Elisabeth Naurath fordert „Werte-Bildung mit Gefühl“ und lotet die „Möglichkeiten und Grenzen im Religionsunterricht“ aus. Grundlegend ist für Naurath die Einsicht, dass Wertebildung emotionales Lernen unbedingt einschließt und eine „ausschließliche Fixierung auf kognitive Lernprozesse nicht ausreichend“ sei (S. 99). Bildungstheoretisch und mit Bezug zu den Erkenntnissen der Neurophysiologie formuliert, gehe es um „ den Interdependenzzusammenhang von kognitiven und emotionalen Lernsituationen“ (S. 100).Der Beitrag setzt grundlegend an, denn Wertebildung ist ohne eine Erfahrung von Wertschätzung im Lebensraum Schule nicht zu denken. Naurath reflektiert den Zusammenhang von Subjektwerdung und Selbstwerdung bzw. Selbstbildung und sieht in der Haltung der Wertschätzung des Subjektes, einer Haltung also, „die vom Besonderen auf das Allgemeine schließt“ (S. 106) den entscheidenden Schlüssel zu einer gelingenden Wertebildung und konkretisiert diese mit ihren Thesen zu einer „subjektorientierten Religionspädagogik“ (S. 107 – S. 111).
Christoph Hubig leuchtet unter der Fragestellung „Wie kommen wir zu unseren Werten und wie verbindlich können sie sein?“ im Blick auf den Status von Werten, Wertepluralismus und basale Werte den philosophischen Hintergrund der Wertedebatte präzise aus.
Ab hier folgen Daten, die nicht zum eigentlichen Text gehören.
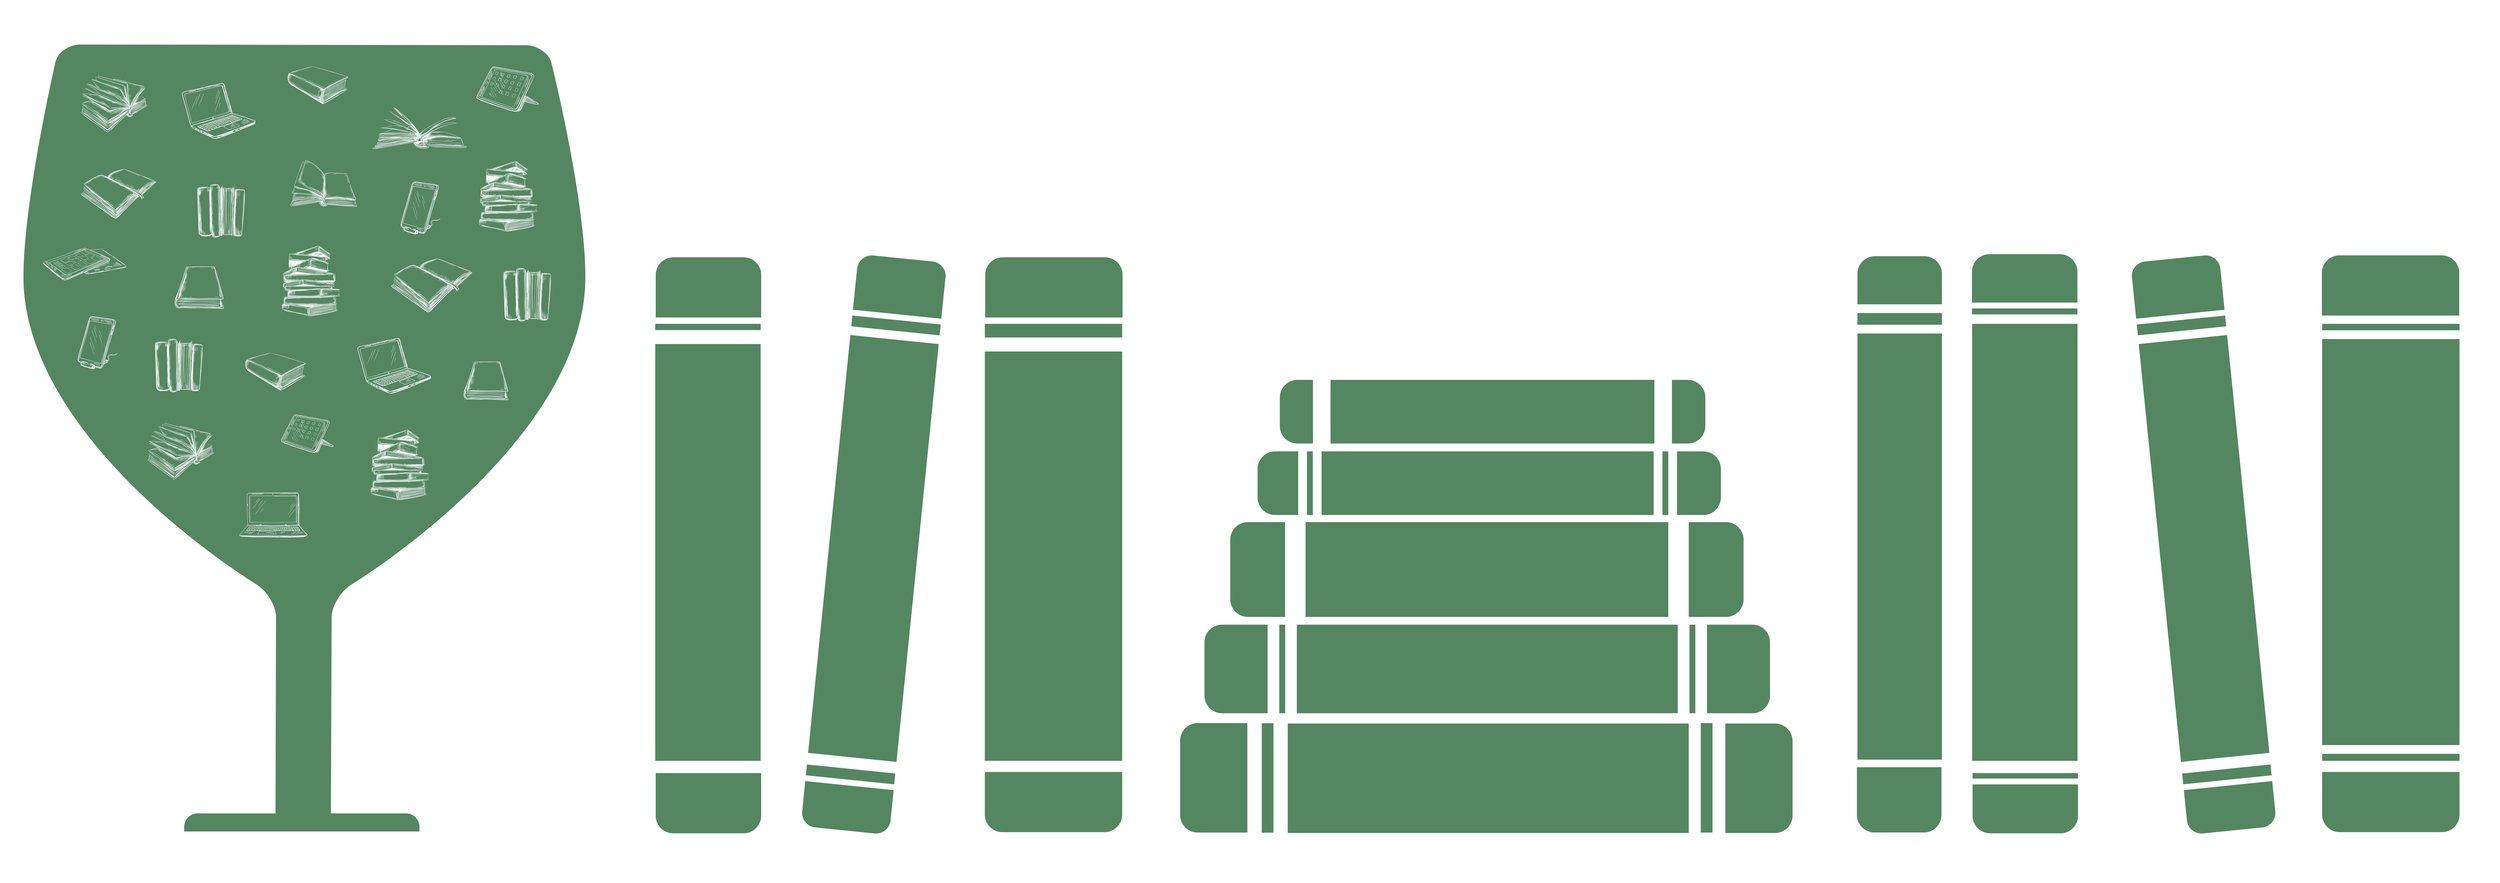 MRF banner - draft 2.jpg

Ingrid Wiedenroth-Gabler, „pädagogische Begleiterin bei der Ausbildung der Lehrkräfte im Schulversuch Islamischer Religionsunterricht“ in Niedersachsen stellt sich die Frage, wie „eine gemeinsame Werterziehung in einem getrennten Religionsunterricht“ gelingen kann. Der nachdenkliche Beitrag zeigt, wie religiöse Begründungen Ethik und Werte bestimmen und damit durchaus in Spannung mit der im niedersächsischen Schulgesetz verankerten „reflektiert liberal-humanistischen Werteerziehung“ stehen können (S. 131). Sie verdeutlicht diese „Problematik“ an verschiedenen Beispielen (S. 131 – S. 133) aus dem islamischen Religionsunterricht (Schweinefleischverbot, Reflexion religiöser Praxis, „Engel als Erziehungshelfer“, „Abbildungen und Fragen verboten“) und betont vor diesem Hintergrund, dass „eine religiöse Wertebildung und Erziehung am Lernort Schule (…) die theologischen Grundlagen reflexiv und kritisch im Hinblick auf bildungstheoretische und gesellschaftliche Relevanz“ bedenken müsse (S. 133).
Christoph Gramzow nimmt sich in seinem das Buch beschließenden Beitrag der Frag an: „Werte lernen durch Werte leben?“ Er reflektiert mit lerntheoretischem Bezug zum „Ansatz des situated learning“ (S. 140 – 151) und unter Heranziehung empirischer Daten, die aus der Reflexion von Sozialpraktika von Schülerinnen und Schülern gewonnen wurden, die Chancen von „Wertebildung in diakonischer Praxis“ im Kontext des Lernorts Schule. Gramzow kommt in seinem detaillierten Beitrag zu dem Ergebnis, dass das „Tätigsein in der diakonischen Praxis“ ein performativer Lernprozess sei (S. 150) und deshalb „diakonisches Lernen (…) den ‚Wertekanon‘ von jungen Menschen in Bewegung“ bringen könne (S. 156).
Das vorliegende Buch bietet fundierte Überlegungen zur aufgeworfenen Fragestellung und enthält zugleich nachahmenswerte Praxisvorschläge, denen die unterrichtliche Umsetzung zu wünschen ist.